Your goal: Reproduce the listing below exactly, except for its pictures.

Data below:
[Start of section]
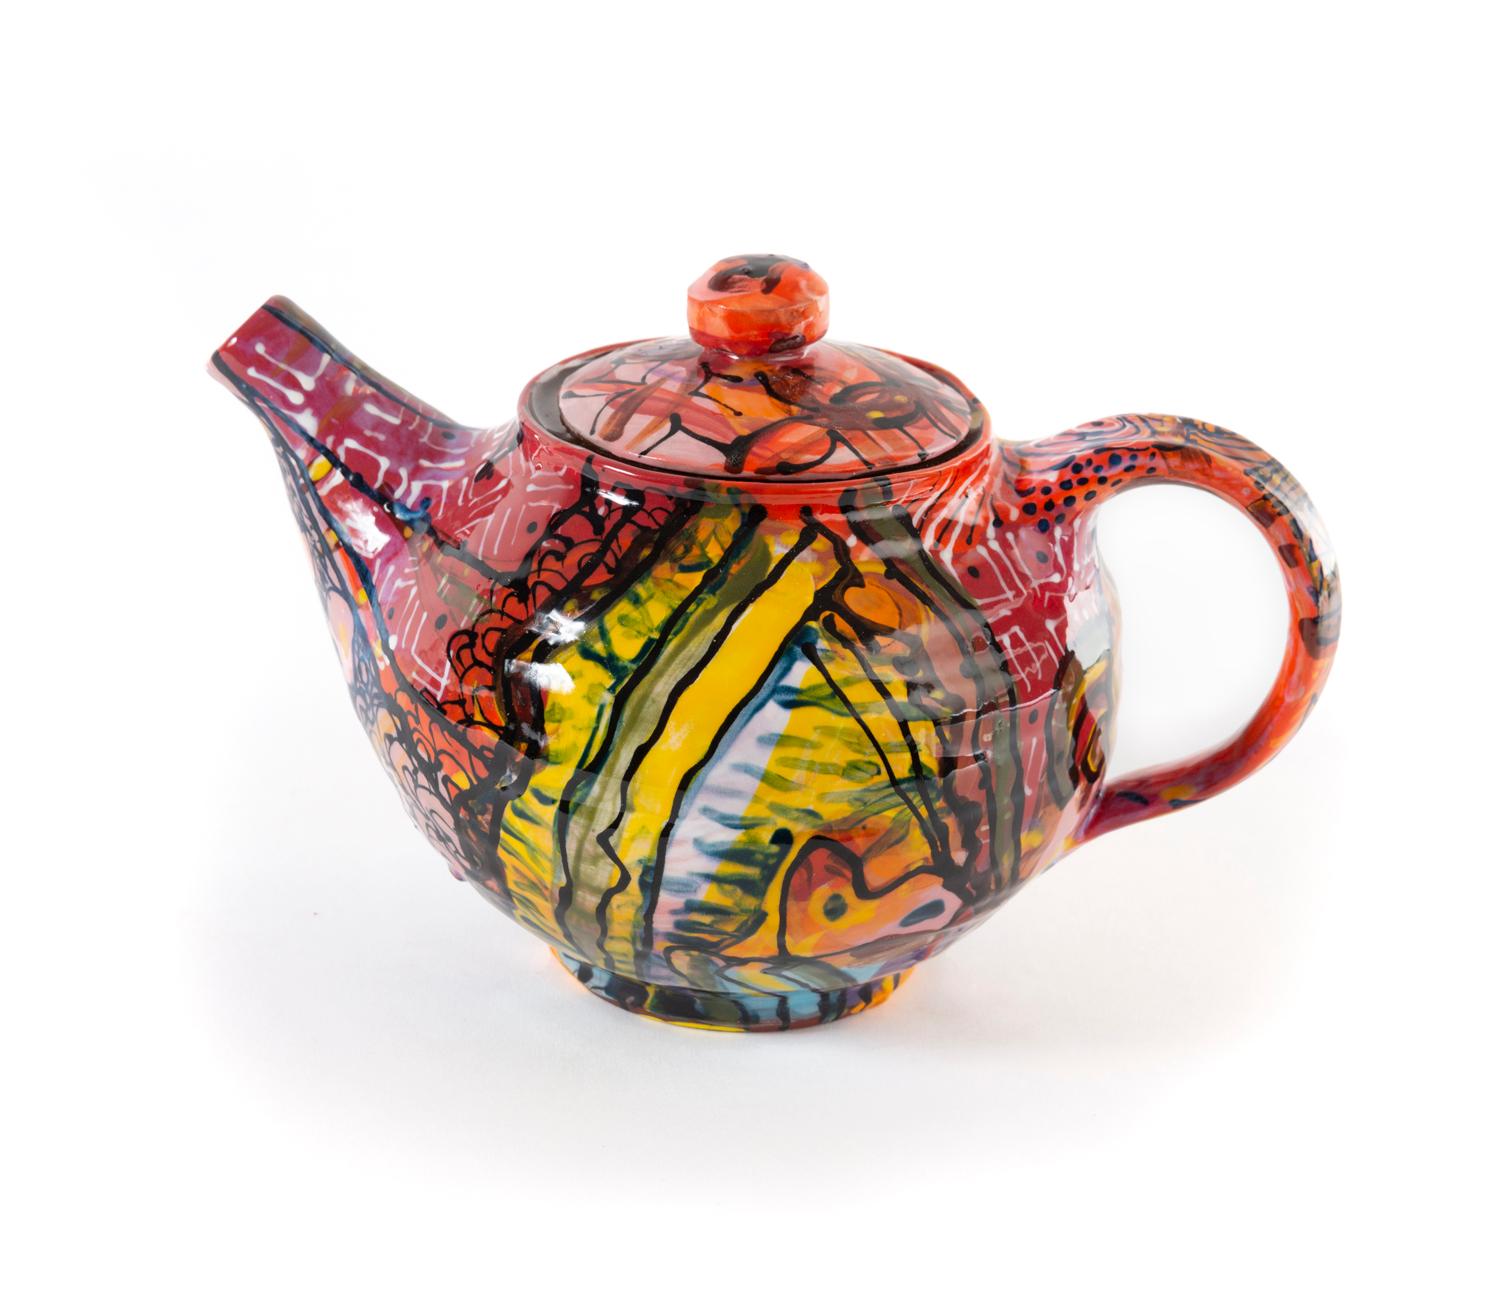 Roberto Lugo
James Baldwin teapot, 2020
Glazed stoneware
Measures: 5.5. x 8.75 x 6 in.
[End of section]
Response to the exercise:
 Roberto Lugo
James Baldwin teapot, 2020
Glazed stoneware
Measures: 5.5. x 8.75 x 6 in.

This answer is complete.